Will be in Destin 8/1-8/8, will be surf fishing & pier fishing. Need suggestions for lures and live/dead bait. Will be bringing cast net & sabiki rig. What has been biting lately. 

Thanks


----------



## jc1228 (Dec 29, 2007)

I would go out to the jetties with some live shrimp and use a light weight with a smaller hook for some grey snappers. You can catch some live finger mullet and pinfishalong the harbor with the net.


----------



## mpmorr (Oct 3, 2007)

> *jc1228 (7/31/2009)*I would go out to the jetties with some live shrimp and use a light weight with a smaller hook for some grey snappers. You can catch some live finger mullet and pinfishalong the harbor with the net.
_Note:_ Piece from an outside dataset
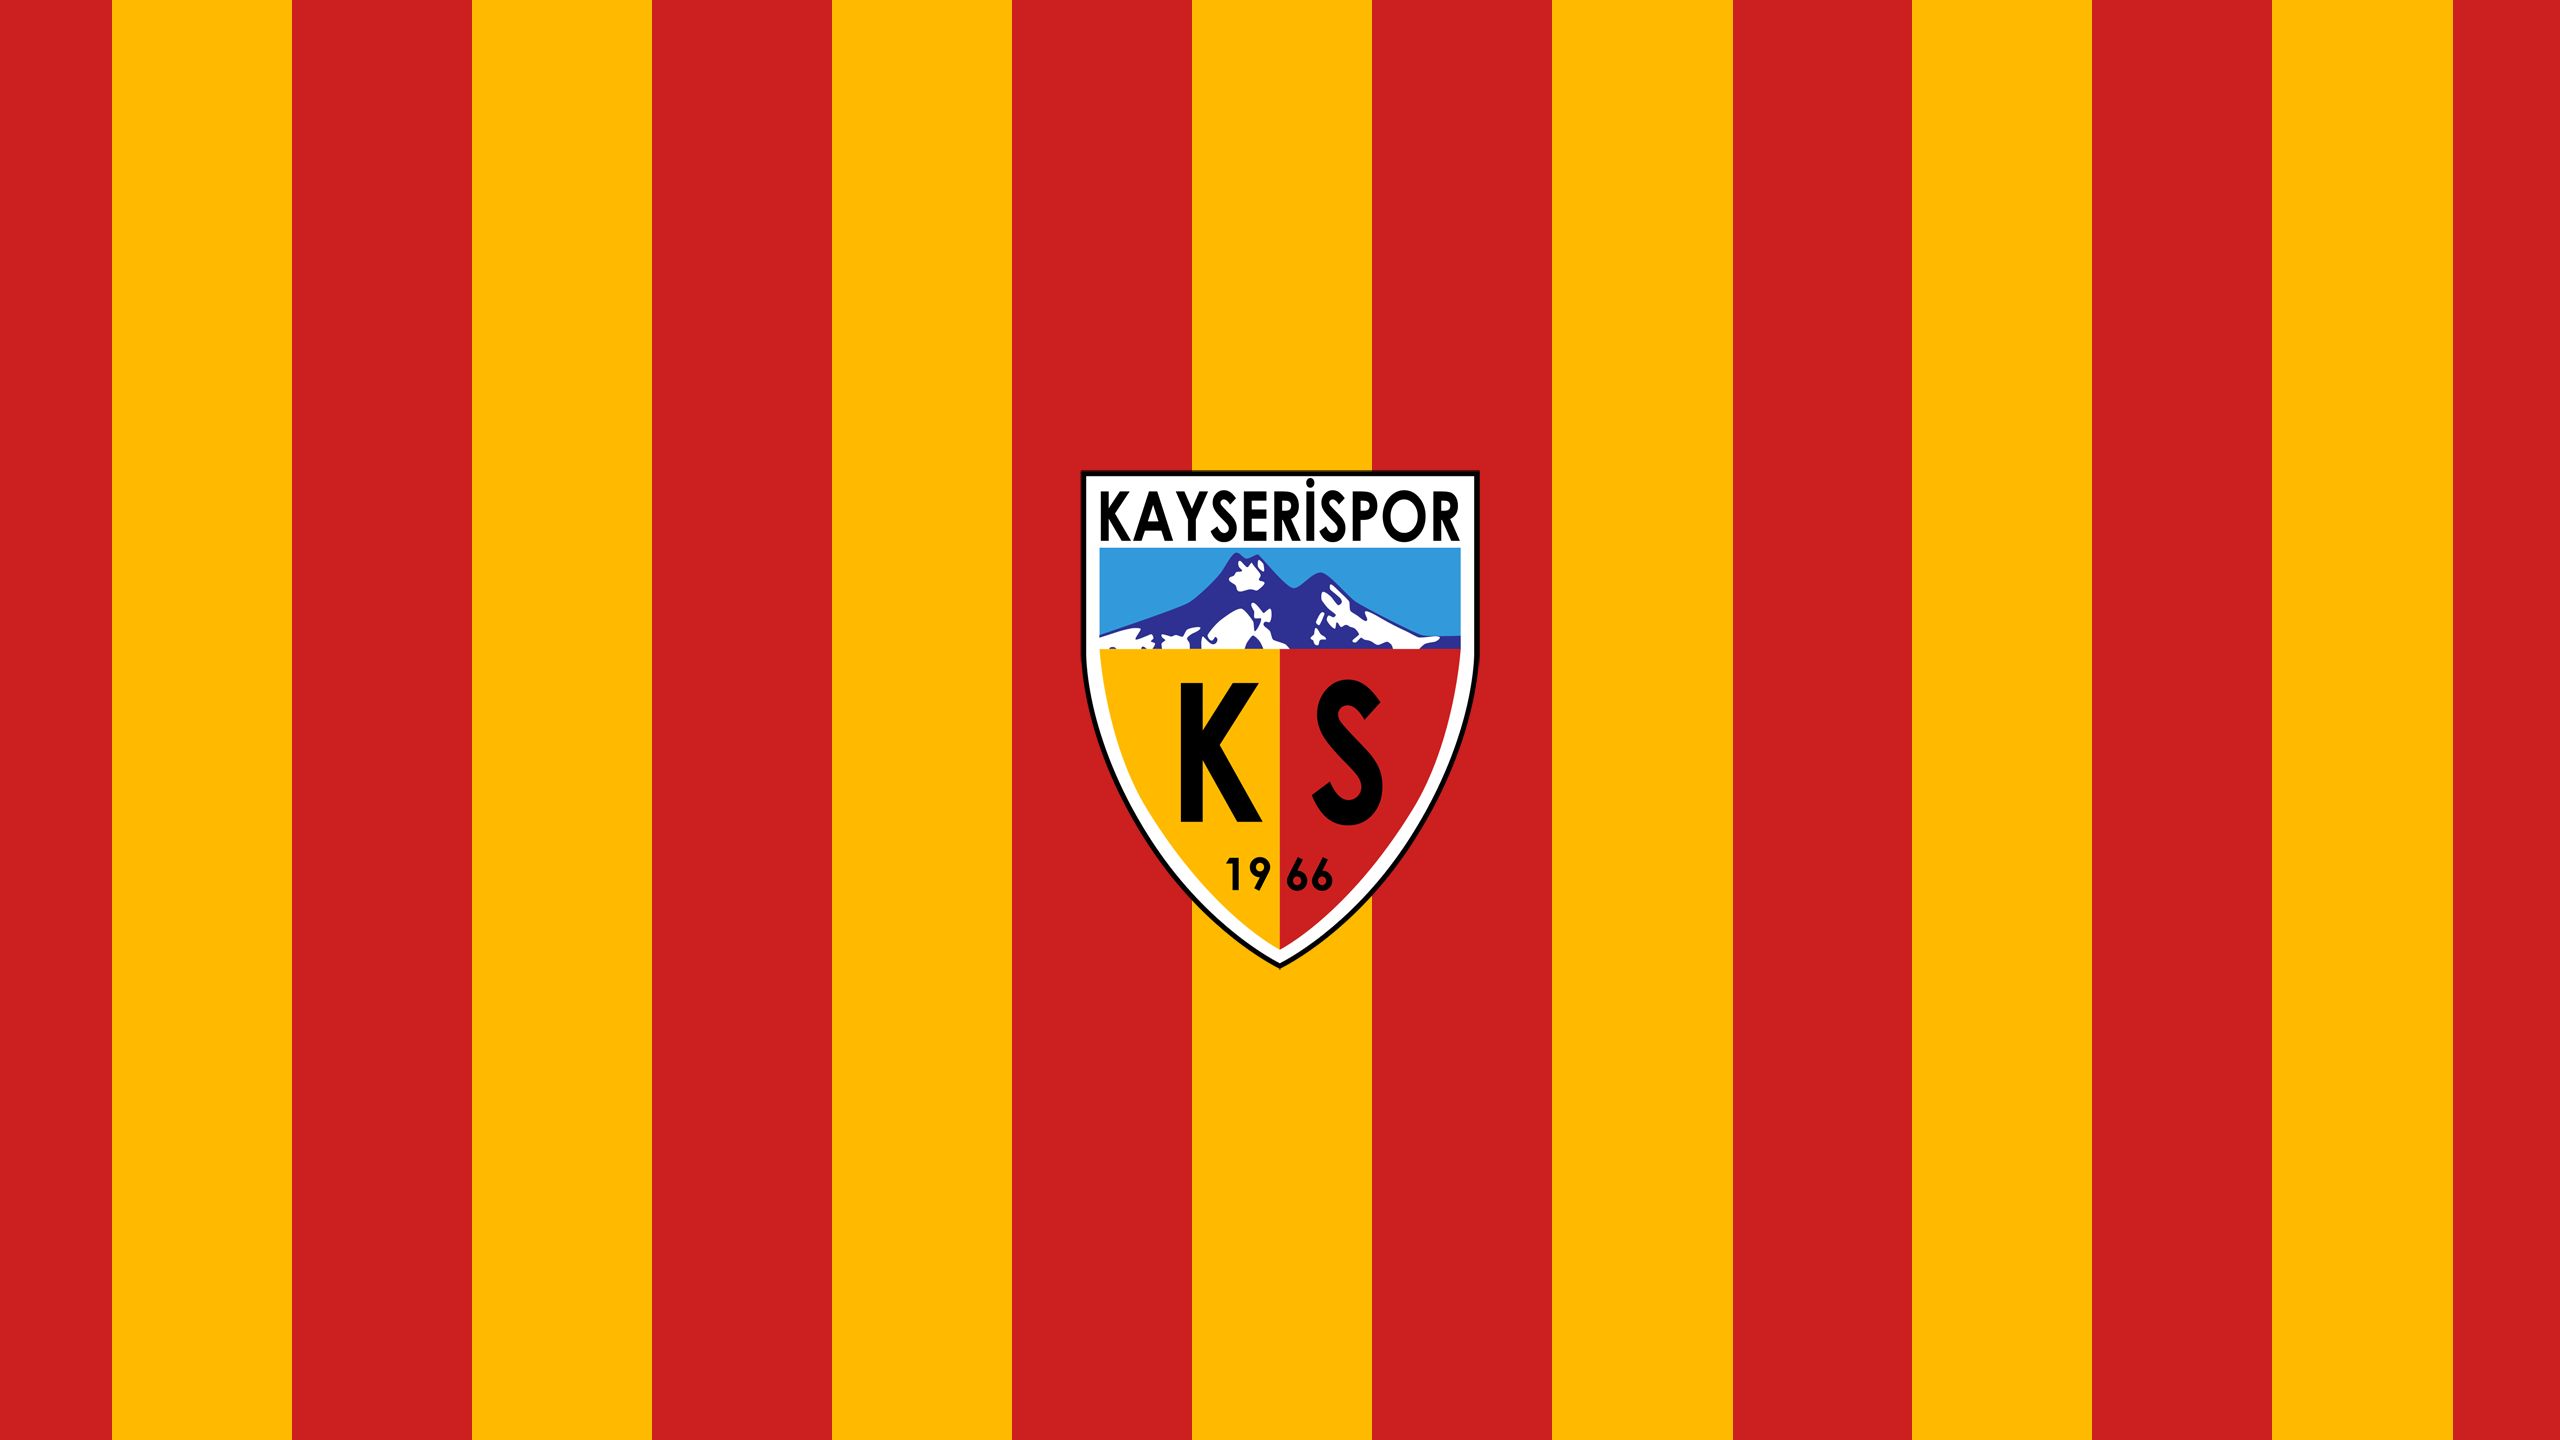 Baixar papel de parede para celular de Esportes, Futebol, Logotipo, Emblema, Kayserispor gratuito.

I was on the Jetty a couple of weekends ago and we caught about 12 grays between 3 people. Only kept 3 but they were all nice fish. Also bring some Gotcha's and small Jigs, they are a hoot when the Blues are there and will pretty much catch the heck out of ladyfish, just for fun. There was a guy fishing for grays also that was using a type of minnow, I am not sure what it was but it looked like silver goldfish. I am sure one of the local bait stores would know what it was or someone on the forum might know. I know I have said this many times but wear good shoes and bring plenty of water. Fish whatever side the current is not ripping on. It is hard to keep your bait down when the tides are ripping. I also use a modified pomp rig with small hooks to keep the bait off the bottom.


----------



## Shiznik (Feb 24, 2008)

You are right about the shoes Mike. Went a few years back with some friends to the East Jetty and wound up around 2am taking our buddy to the ER, I think he got around 100 stitches and lost a ton of blood! We always got loads of Blues, and Reds were always around. Makes me wish I could hit the Jetty, been a while. Good luck on your trip!


----------



## bond007 (Jun 16, 2009)

I would try "gotchas" and shrimp


----------



## jamessig (Oct 3, 2007)

The mangrove bite on the east jetty was extremely good until a few days ago, I don't know what happened but I wouldn't plan on catching many or any now. If you just want some action, there have been quite a few ladyfish around though. A bubble and straw, smallish plug or spoon as well as most live baits should all produce. The occasional flounder may also be caught now.


----------



## jc1228 (Dec 29, 2007)

> *mpmorr (7/31/2009)*
> 
> 
> > *jc1228 (7/31/2009)*I would go out to the jetties with some live shrimp and use a light weight with a smaller hook for some grey snappers. You can catch some live finger mullet and pinfishalong the harbor with the net.
> ...


The guywas probably using somely's the snapper love them and thereare a ton of them around that you can catch in the net. They die easily but the snapper will still tear them up.


----------